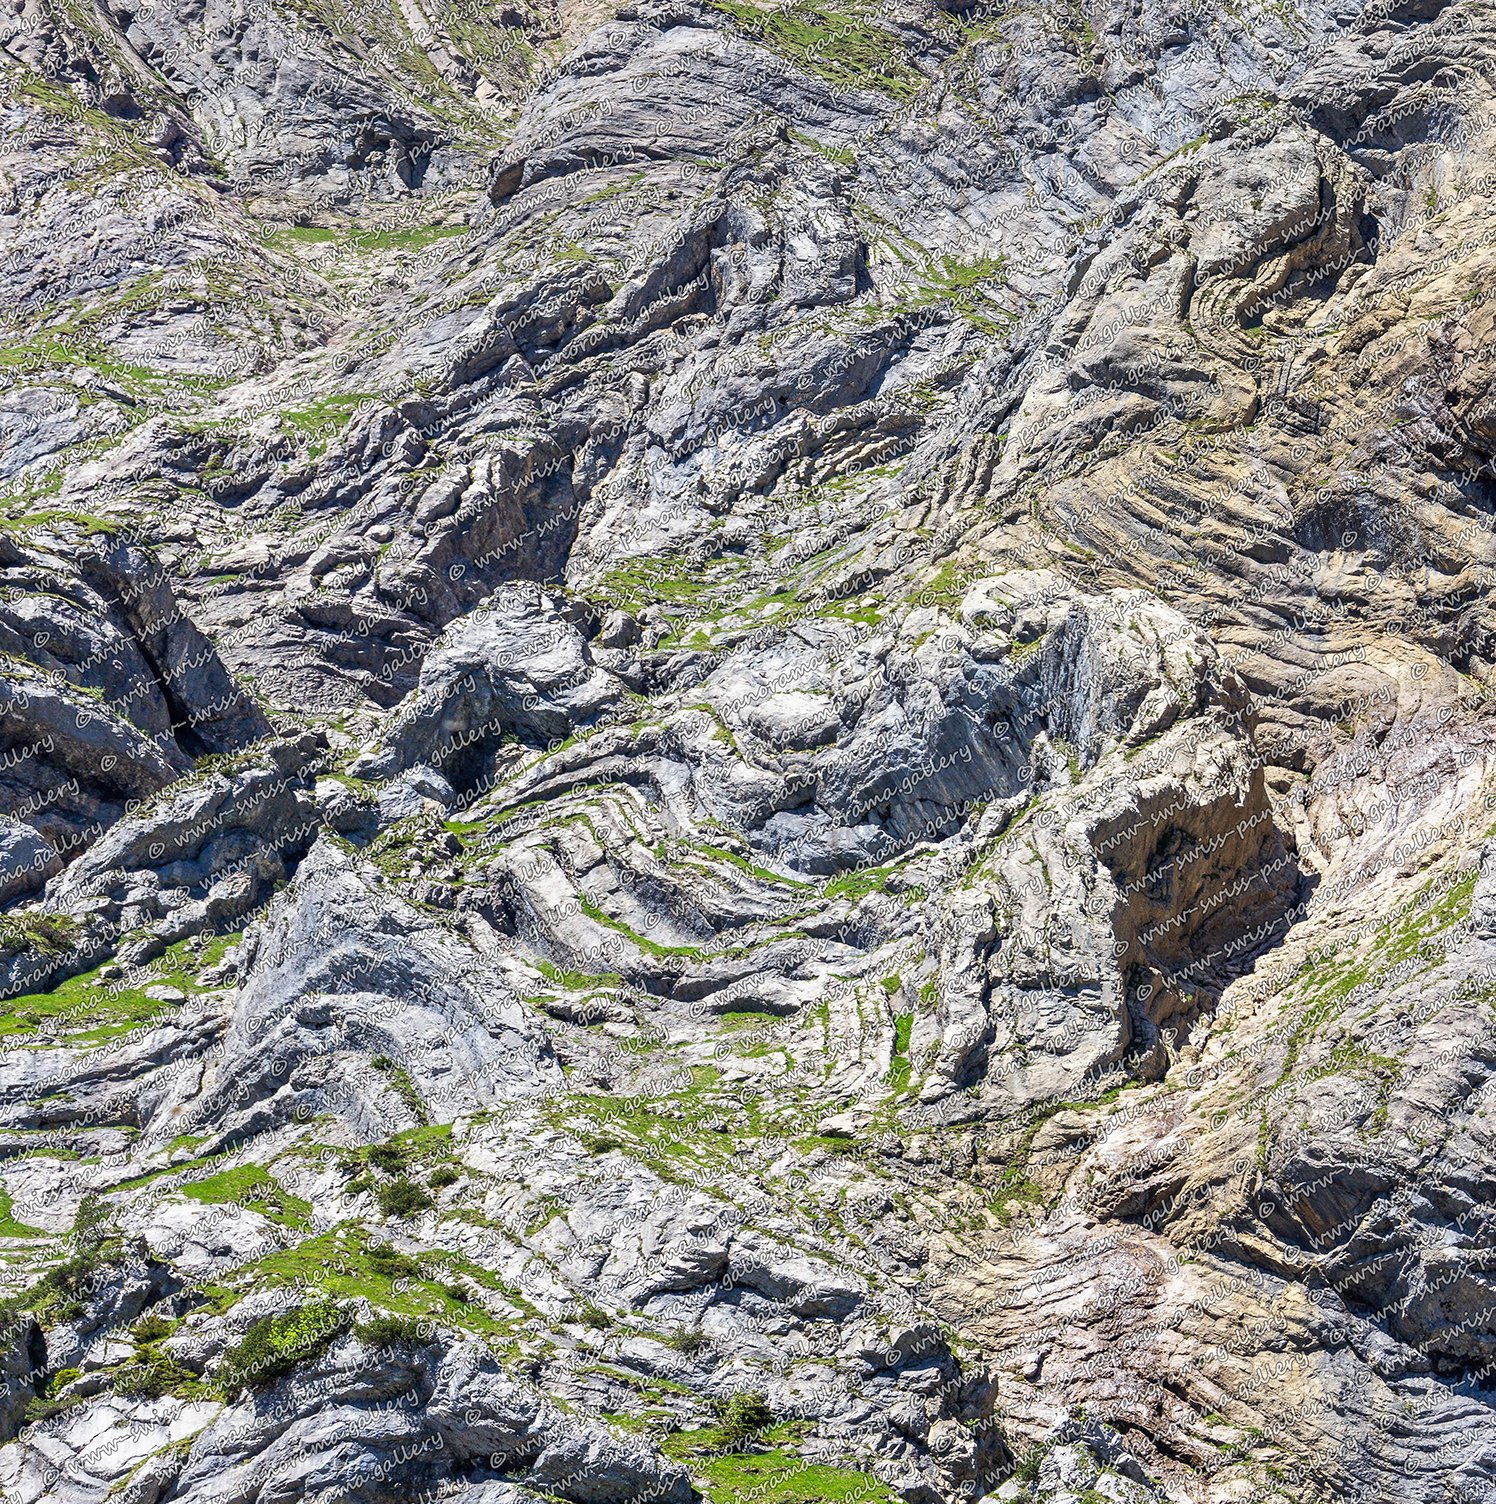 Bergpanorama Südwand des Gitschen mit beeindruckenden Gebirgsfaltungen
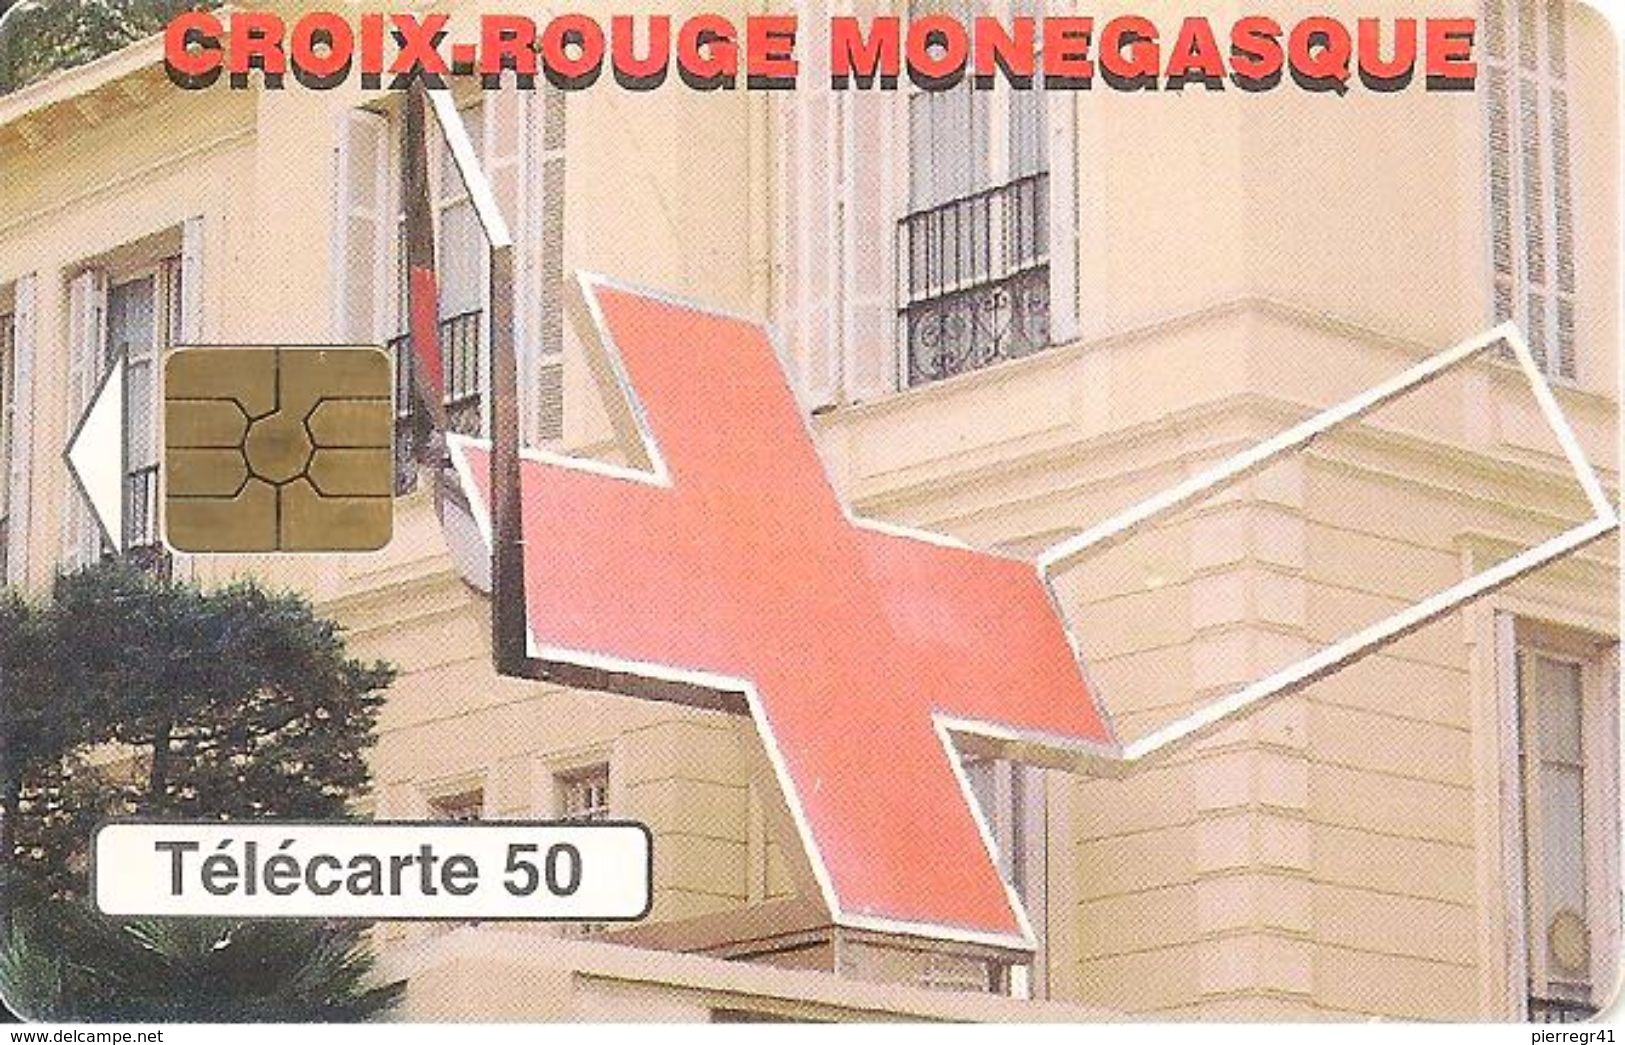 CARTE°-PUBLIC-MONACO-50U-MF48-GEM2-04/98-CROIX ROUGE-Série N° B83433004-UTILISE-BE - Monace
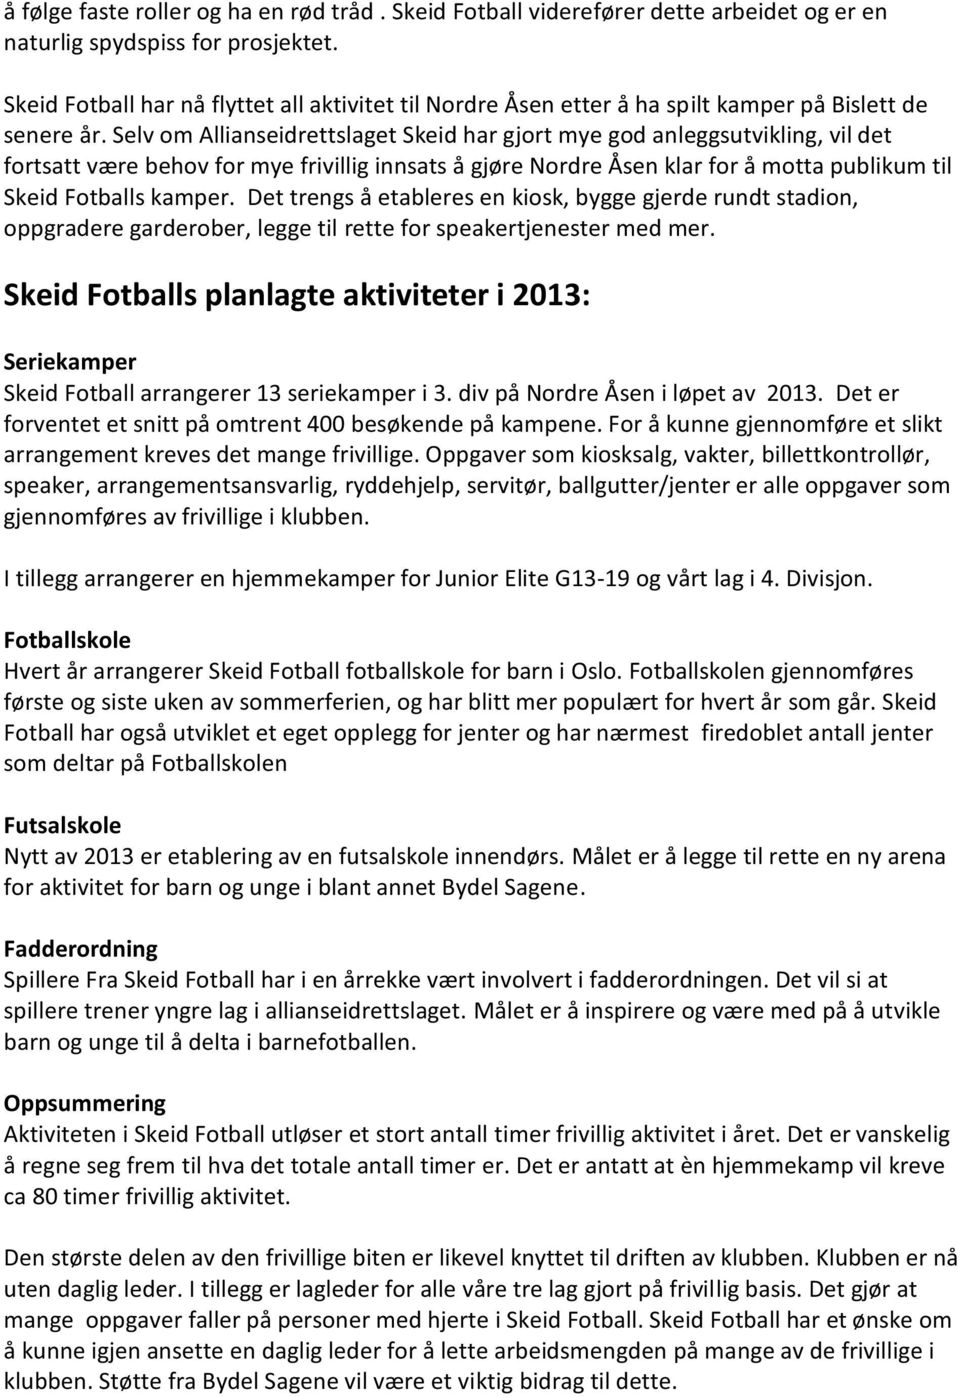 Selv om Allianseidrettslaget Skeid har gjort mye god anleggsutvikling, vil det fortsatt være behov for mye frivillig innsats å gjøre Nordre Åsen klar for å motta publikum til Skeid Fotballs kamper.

☆ ☆ ☆ ☆ ☆ ☆ ☆

▶ **Brief**
Your reply should hold every line above exactly as written and none of the pictures.

▶ **Answer to this exercise**
 Bergpanorama Südwand des Gitschen mit beeindruckenden Gebirgsfaltungen
 CARTE°-PUBLIC-MONACO-50U-MF48-GEM2-04/98-CROIX ROUGE-Série N° B83433004-UTILISE-BE - Monace
 Selv om Allianseidrettslaget Skeid har gjort mye god anleggsutvikling, vil det fortsatt være behov for mye frivillig innsats å gjøre Nordre Åsen klar for å motta publikum til Skeid Fotballs kamper.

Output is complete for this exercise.